Ma egli, rispondendo, disse al padre: Ecco, da tanti anni ti servo, e non ho mai trasgredito un tuo comando; a me però non hai mai dato neppure un capretto da far festa con i miei amici;

Diodati:

Luca 15:29

Ma egli, rispondendo, disse al padre: Ecco, già tanti anni io ti servo, e non ho giammai trapassato alcun tuo comandamento; e pur giammai tu non mi hai dato un capretto, per rallegrarmi co' miei amici.

Commentario:

Luca 15:29

29. Ma egli, rispondendo, disse al padre: Ecco, già tanti anni io ti servo, e non ho giammai trapassato alcun tuo comandamento;

Anziché cedere alle preghiere paterne, quest'uomo mette avanti duramente e senza rossore i motivi della sua ira. Il caro nome di padre, pronunziato con tanta emozione del figliuol prodigo, non gli esce dalle labbra. I due punti principali della sua risposta sono la sua inattaccabile giustizia, che merita le più alte ricompense, ed una accusa di ingiusta parzialità contro a suo padre.
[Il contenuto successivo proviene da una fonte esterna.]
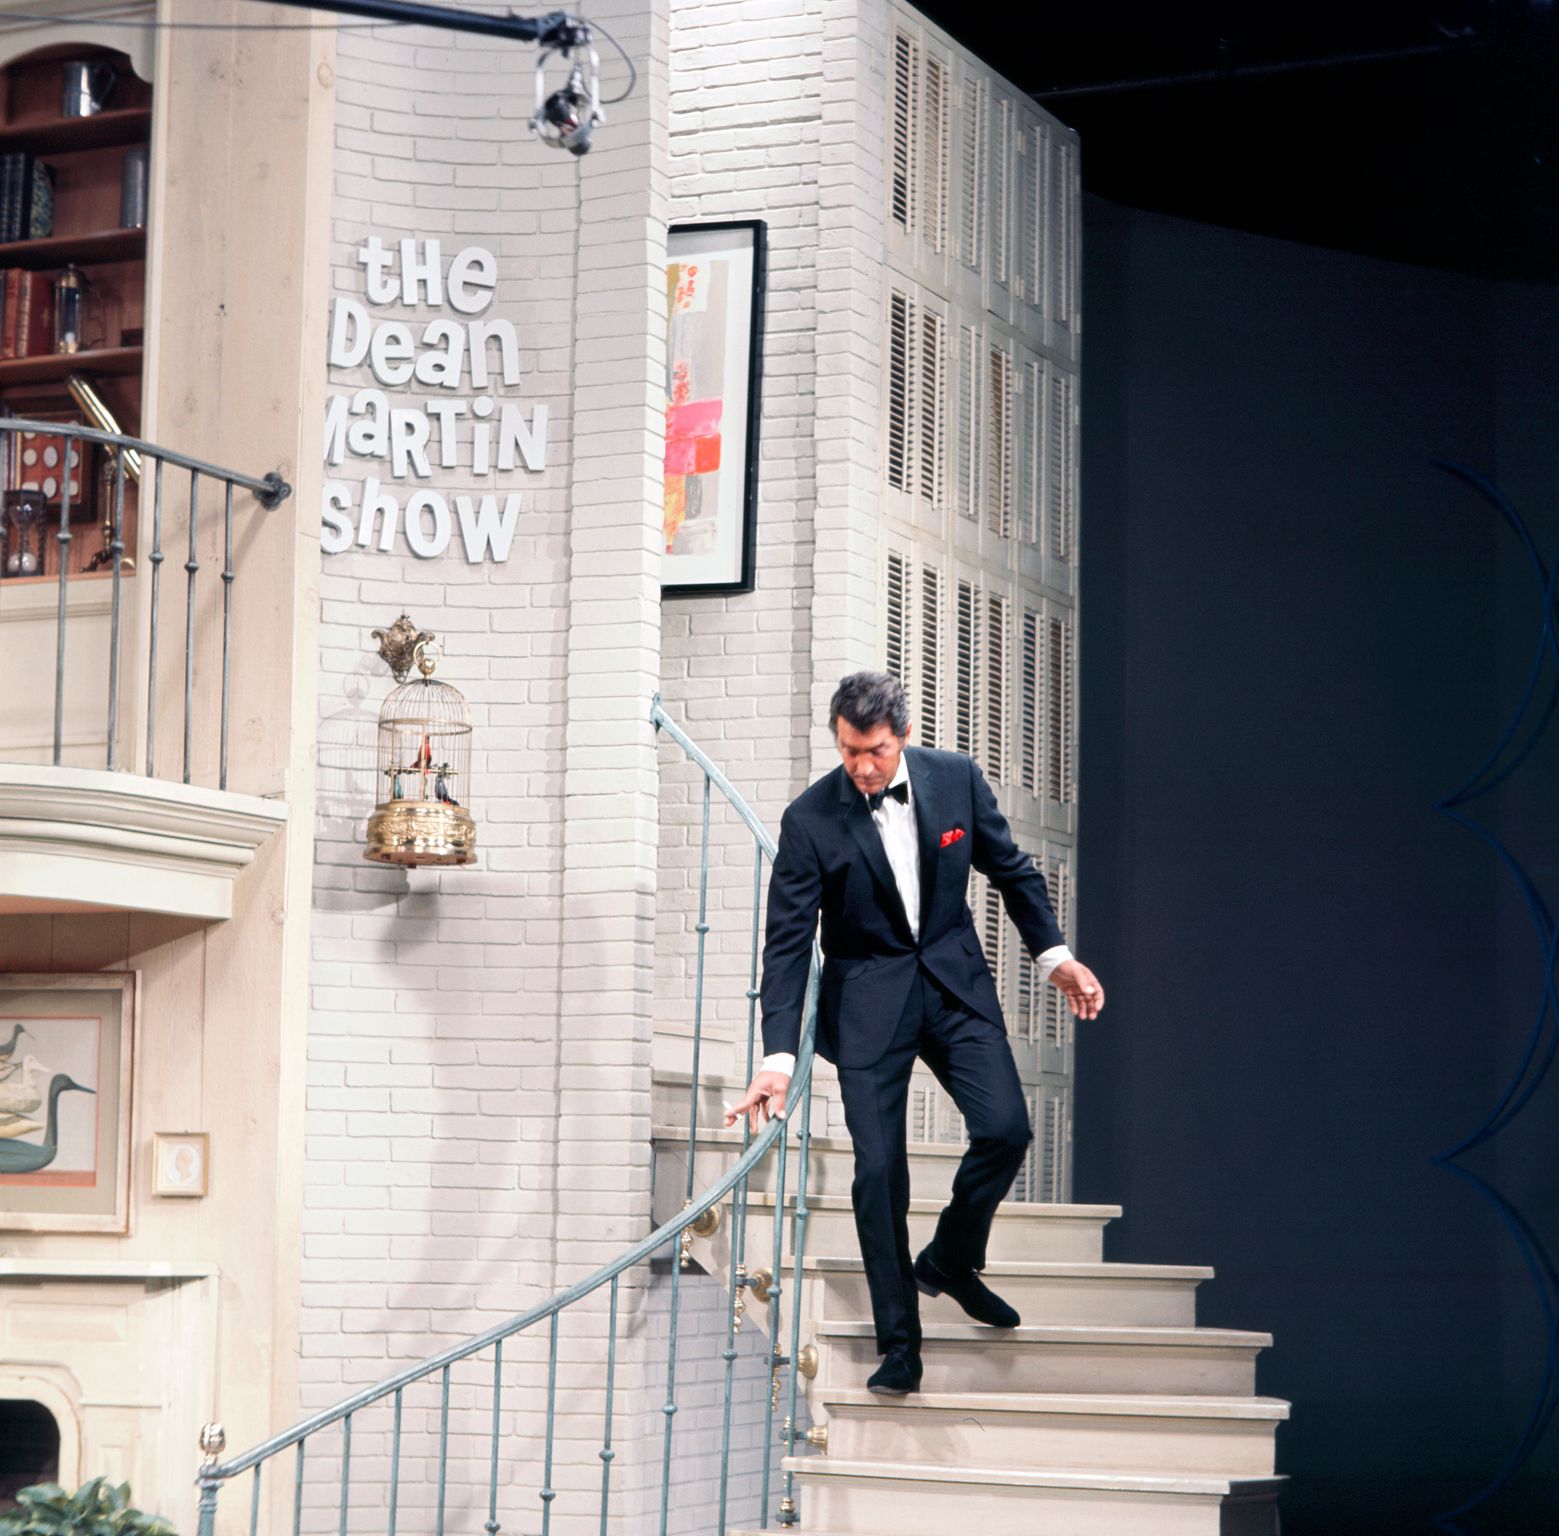 Dean Martin am Set von "The Dean Martin Show" um 1970 | Quelle: Getty Images

L'orgogliosa sua giustizia propria si manifesta nel fare il conto di tutti gli anni durante i quali egli avea fedelmente servito suo padre e nella sua pretesa di avergli prestato sempre perfetta ubbidienza. Così facendo, egli ci rivela che la sua è stata la vita di uno schiavo, non di un figlio; che l'osservanza dei comandamenti di suo padre non era scaturita da un cuore pieno di amore per lui, ma dal desiderio della ricompensa. Che fedele ritratto è questo del perfetto Fariseo! Lo schiavo, fino a quell'ora nascosto nel figlio, si tradisce col lamentarsi delle fatiche che ha dovuto sopportare; mentre che il suo criterio di perfetta ubbidienza si accorda perfettamente col vanto del Fariseo nel tempio: «O Dio, io ti ringrazio che non sono come, gli altri uomini». Tale è pure il concetto che si fanno tutti gli uomini irrigenerati della giustizia secondo la legge, sulla quale riposano le loro speranze di salute; essa è un lavoro nel quale chi faticosamente persevera meriterà una ricompensa. Per la propria sua natura, essa è totalmente priva delle delizie che appartengono unicamente alla sfera del gratuito amore di Dio: anzi lo scandalizzano le prove di quella delizia che vede nella condotta dei peccatori riconciliati con Dio. È degno di nota che la vanità del vanto di quest'uomo, che egli non aveva «giammai trapassato alcun comandamento» di suo padre, si vede dalla sua condotta in questa circostanza, perché se fosse stato fino a quell'ora così ubbidiente come pretendeva, sarebbe egli ora divenuto iracondo, ostinato, e colpevole di tali accuse contro suo padre?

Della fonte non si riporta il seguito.